The combination of reduced core count and clocks on Ampere Mobile are going to be devastating. You can bet Nvidia will be pushing DLSS and RTX ON super hard in all of their press and "reviewer guides".

Ampere cores are Nividia's 'Bulldozer architecture' mistake. They've tried to double up certain things but whilst they've doubled the "core" count and power consumption they haven't actually doubled performance at all. 4864/3072 means that Turing does about 60% more work per core in traditional (read: current) games - or to rephrase that, Nvidia's attempts to double the core count with Ampere only resulted in a 26% performance gain. That's pitiful, and all those extra cores waste die area and power consumption without providing the expected performance.
Posted on Reply
#12
nguyen
Chrispy_
The architecture isn't even the same. A Turing CUDA core has higher IPC than an Ampere CU:
Both the 2080S and 3060Ti boost to around 1900MHz and have damn-near identical performance, but Turing achieves that with just 3072 cores, whilst Ampere uses 4864 to achieve the same thing.

The combination of reduced core count and clocks on Ampere Mobile are going to be devastating. You can bet Nvidia will be pushing DLSS and RTX ON super hard in all of their press and "reviewer guides".

Ampere cores are Nividia's 'Bulldozer architecture' mistake. They've tried to double up certain things but whilst they've doubled the "core" count and power consumption they haven't actually doubled performance at all. 4864/3072 means that Turing does about 60% more work per core in traditional (read: current) games - or to rephrase that, Nvidia's attempts to double the core count with Ampere only resulted in a 26% performance gain. That's pitiful, and all those extra cores waste die area and power consumption without providing the expected performance.
Ampere does appear to be more efficient at the lower performance tier though



At the same TDP as the Max-Q Turing, Max-Q Ampere would be ~25% faster, which is wasted with how slow mobile CPU currently are anyways.
I have an Intel 10875H + 2070 Super Max-Q laptop and most of the time I run into CPU bottleneck in game.
Posted on Reply
#13
THANATOS
Chrispy_
The architecture isn't even the same.
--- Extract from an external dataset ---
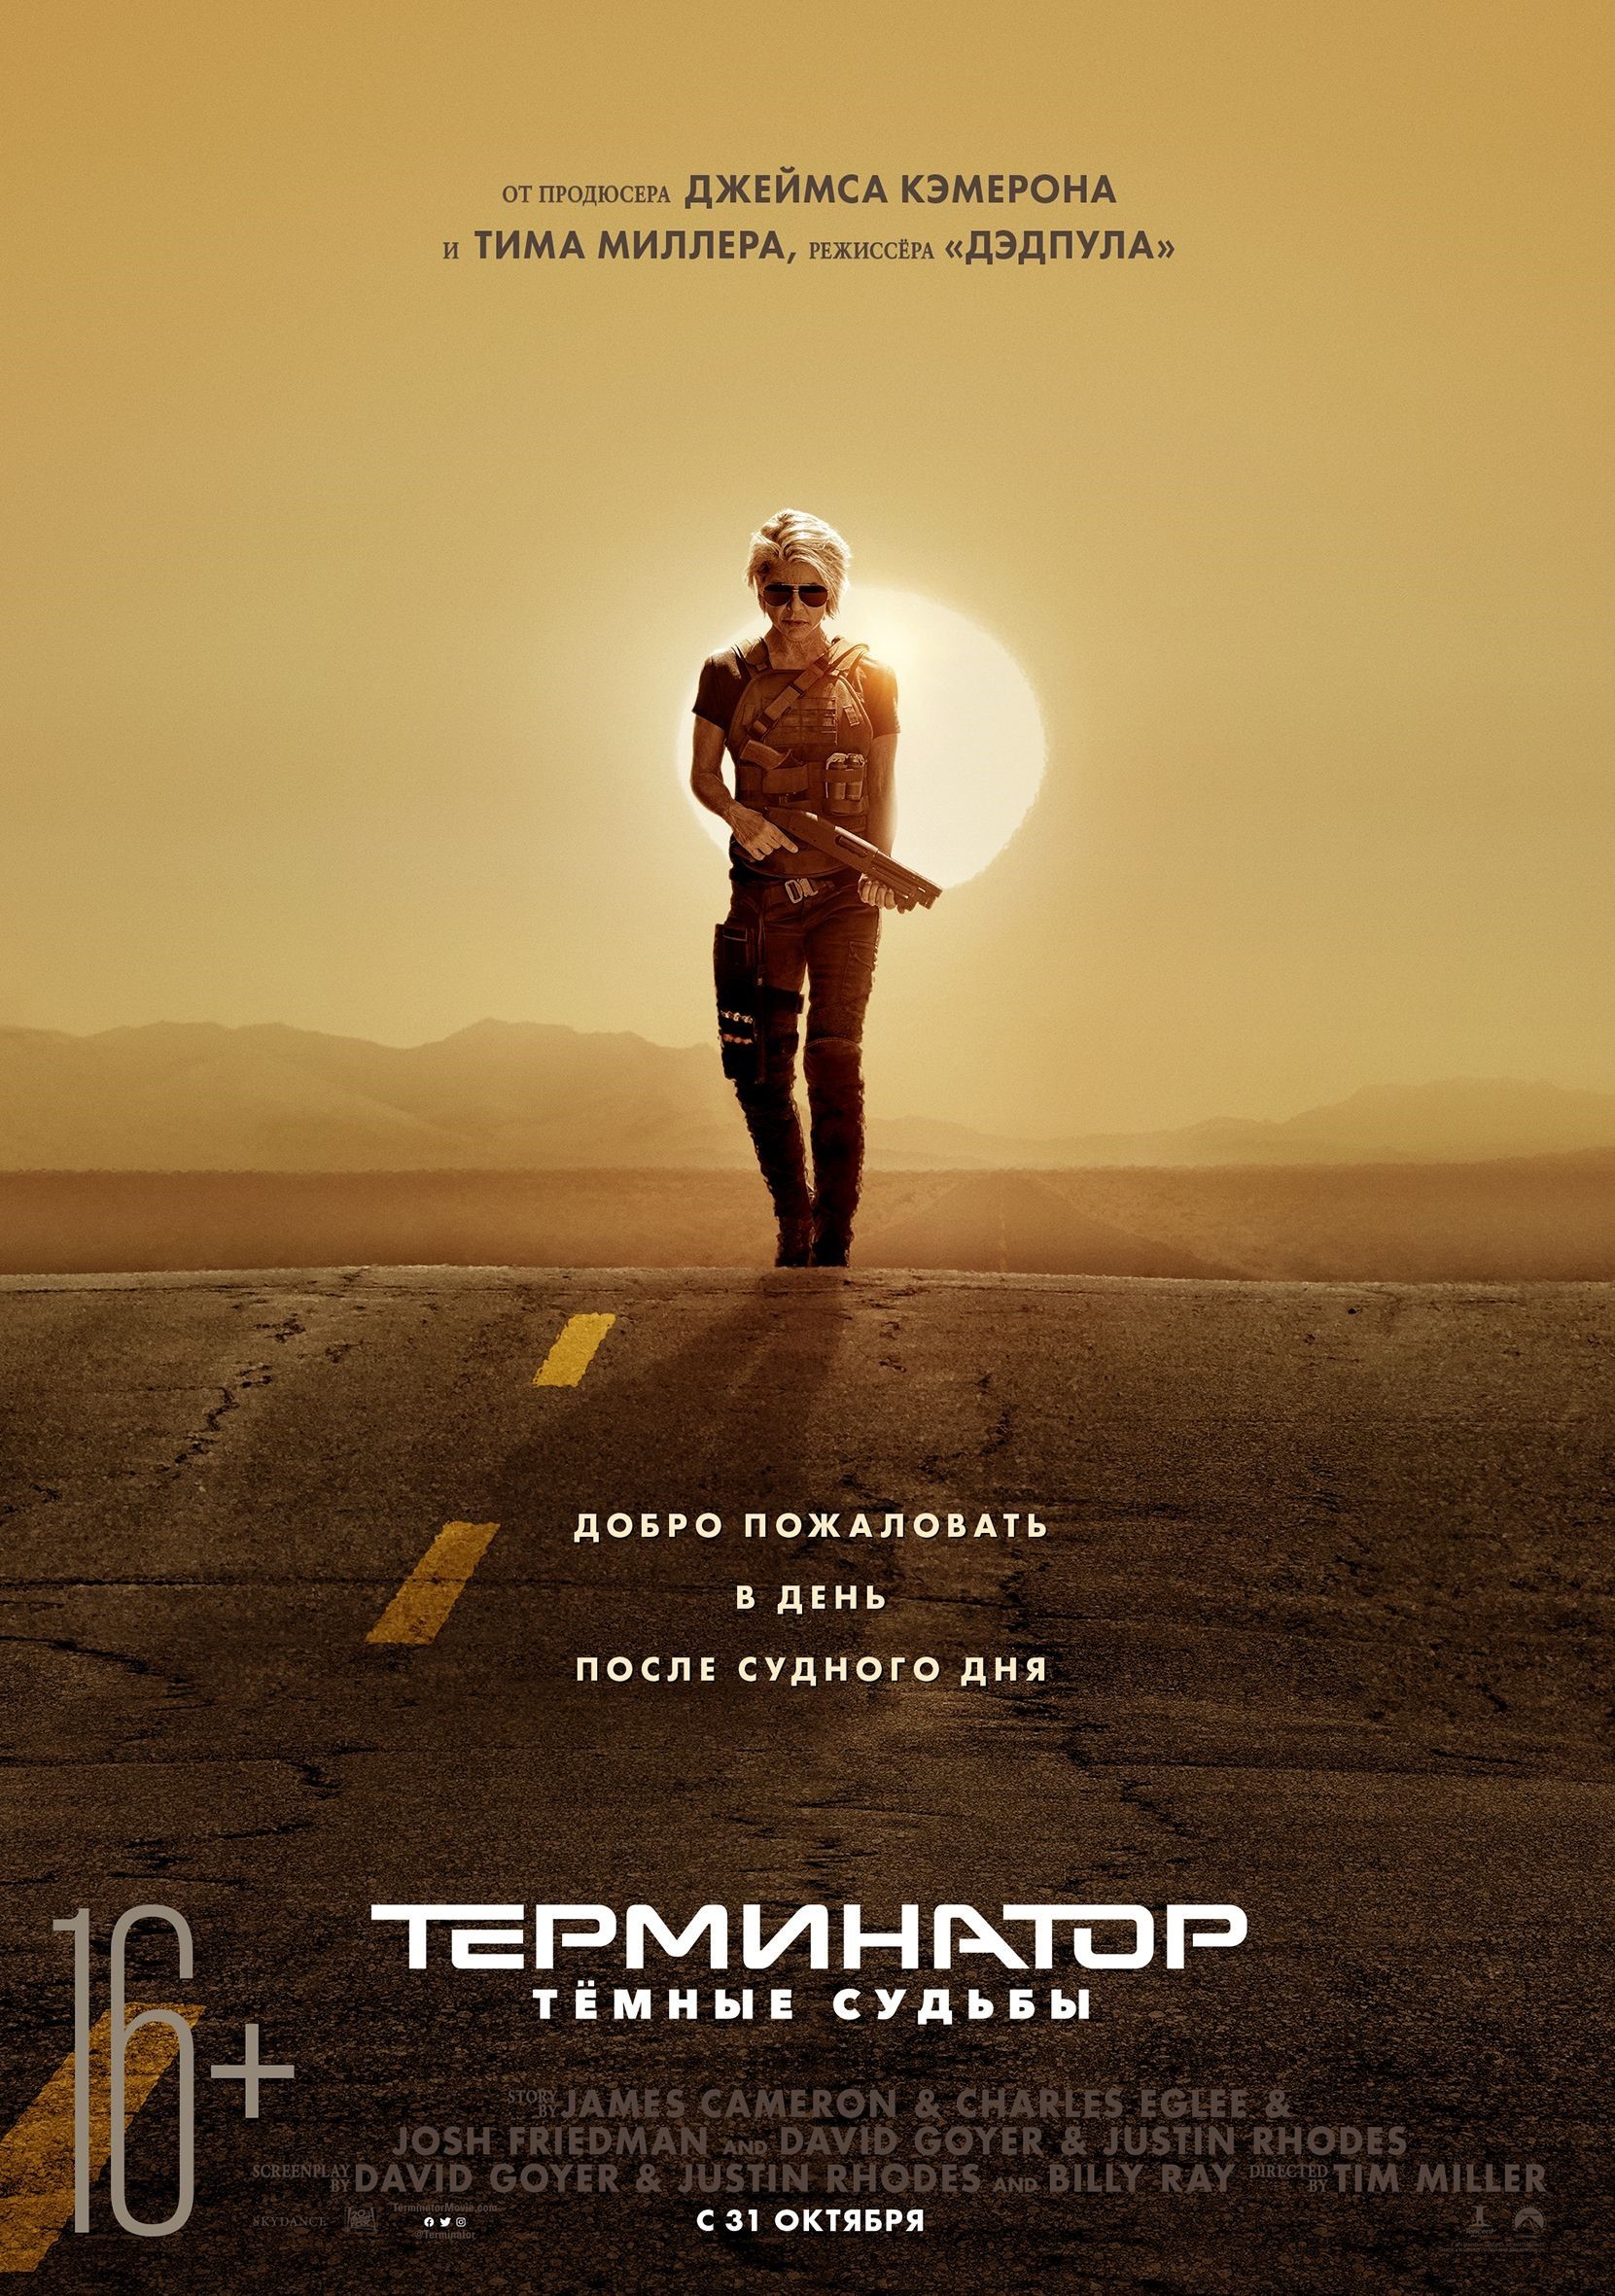 Терминатор: Темные судьбы / Terminator: Dark Fate (2019) отзывы. Рецензии. Новости кино. Актеры фильма Терминатор: Темные судьбы. Отзывы о фильме Терминатор: Темные судьбы

A Turing CUDA core has higher IPC than an Ampere CU:
Both the 2080S and 3060Ti boost to around 1900MHz and have damn-near identical performance, but Turing achieves that with just 3072 cores, whilst Ampere uses 4864 to achieve the same thing.

The combination of reduced core count and clocks on Ampere Mobile are going to be devastating. You can bet Nvidia will be pushing DLSS and RTX ON super hard in all of their press and "reviewer guides".

Ampere cores are Nividia's 'Bulldozer architecture' mistake. They've tried to double up certain things but whilst they've doubled the "core" count and power consumption they haven't actually doubled performance at all. 4864/3072 means that Turing does about 60% more work per core in traditional (read: current) games - or to rephrase that, Nvidia's attempts to double the core count with Ampere only resulted in a 26% performance gain. That's pitiful, and all those extra cores waste die area and power consumption without providing the expected performance.
Comparing IPC between Turing and Ampere based on a single FP32(Cuda core) is pointless. Turing per SM has 64x FP32(Cuda) units + 64x INT32 units, Ampere per SM has 64x FP32 units + 64x FP32/INT32 units.
You are comparing 2080S with 48SM against 3060Ti which has only 38SM(Streaming multi-processor), so It's not surprising that the performance is pretty close.

Better comparison would be RTX 2080 vs RTX 3070, they have the same number of SM, the difference is in 2x more Cuda cores and 50% more ROPs, clockspeed and bandwidth is comparable.
The difference in performance is 28%, which doesn't look great considering the chip has 2x more Cuda and 50% more ROPs, but half of those Cuda cores are doing either INT or FP operation and the number of SM didn't change so you can't really expect massive performance gains.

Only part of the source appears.